* **Assignment**
Could you transcribe exactly the lines below, from the line with "International Journal of" through the line with "Modern Crystal Tennis", and nothing else, leaving out the pictures?

* **Given records**
——————
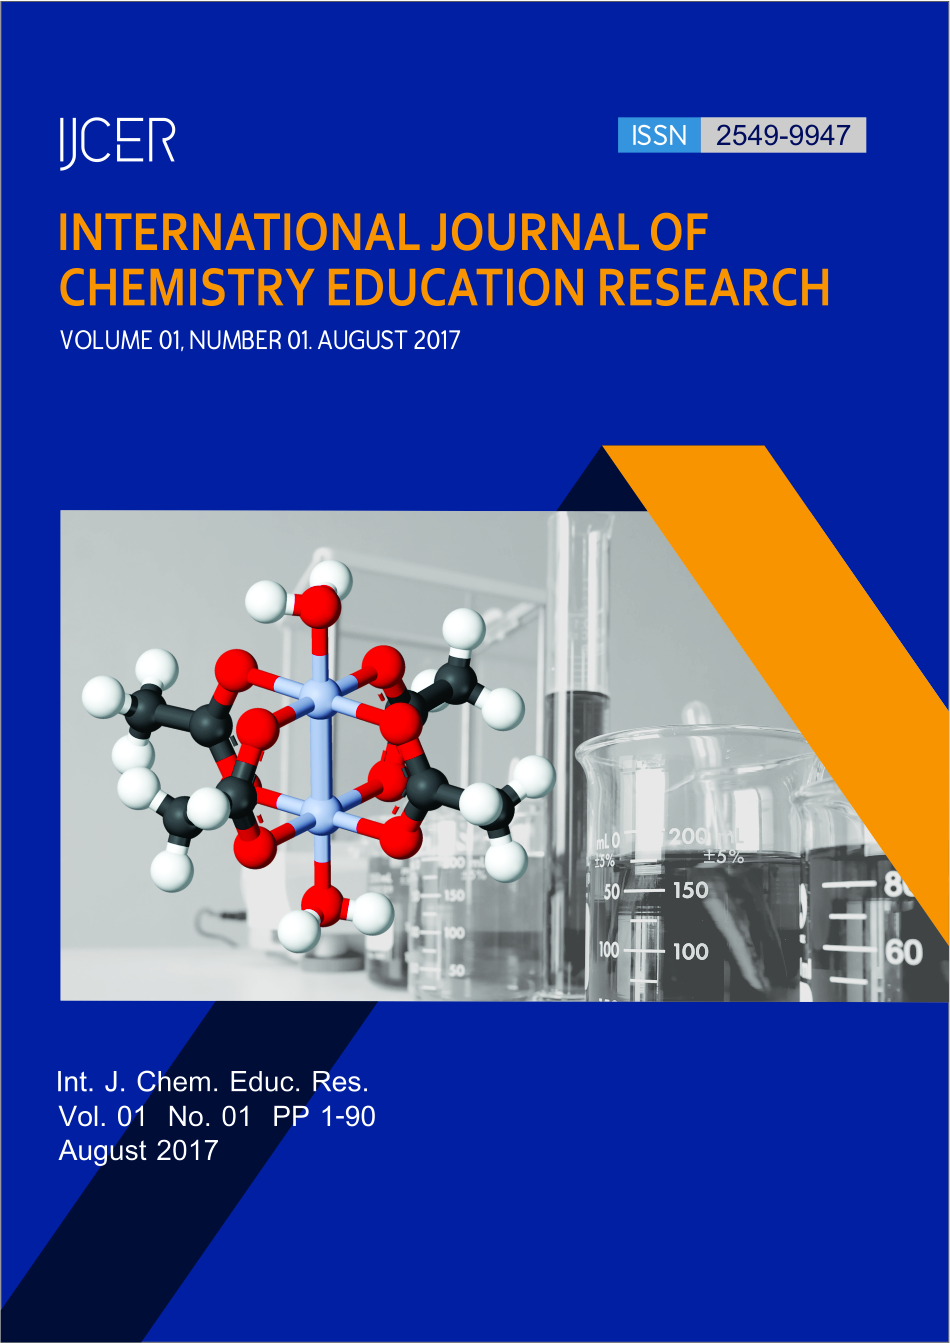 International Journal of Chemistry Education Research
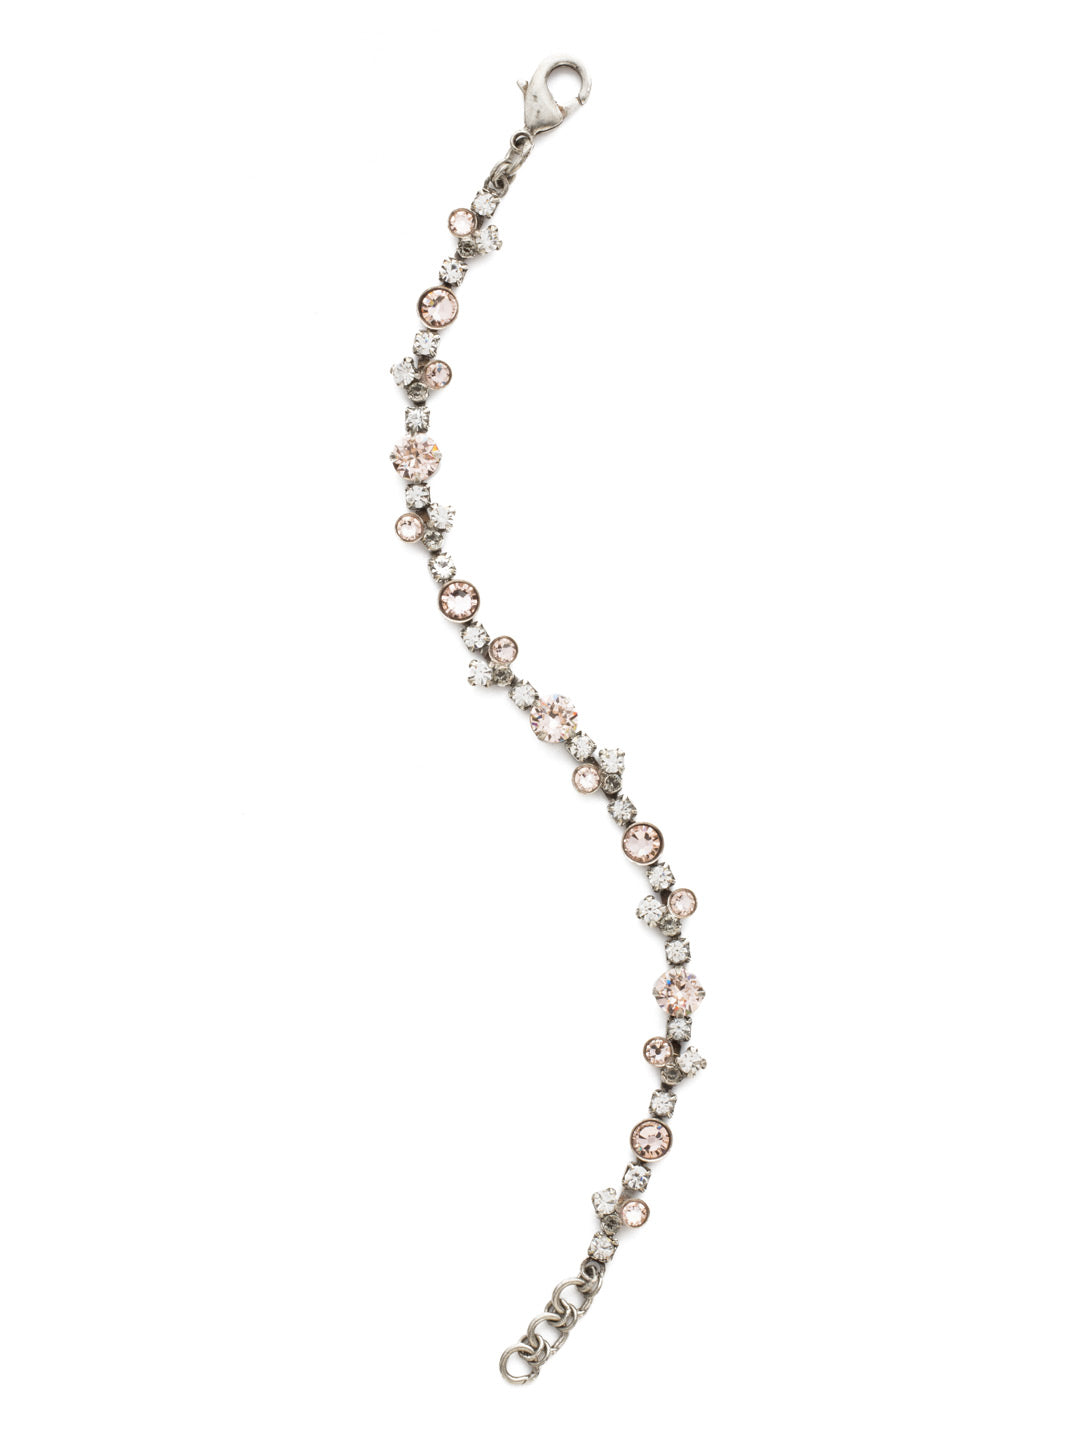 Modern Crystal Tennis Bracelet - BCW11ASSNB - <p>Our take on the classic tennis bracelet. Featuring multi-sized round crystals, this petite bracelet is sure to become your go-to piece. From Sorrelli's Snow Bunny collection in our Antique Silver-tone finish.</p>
——————
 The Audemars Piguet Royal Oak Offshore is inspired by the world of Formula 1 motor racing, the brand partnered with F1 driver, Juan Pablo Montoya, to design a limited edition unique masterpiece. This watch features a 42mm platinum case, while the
——————
* **Solution**
 International Journal of Chemistry Education Research
 Modern Crystal Tennis Bracelet - BCW11ASSNB - <p>Our take on the classic tennis bracelet. Featuring multi-sized round crystals, this petite bracelet is sure to become your go-to piece. From Sorrelli's Snow Bunny collection in our Antique Silver-tone finish.</p>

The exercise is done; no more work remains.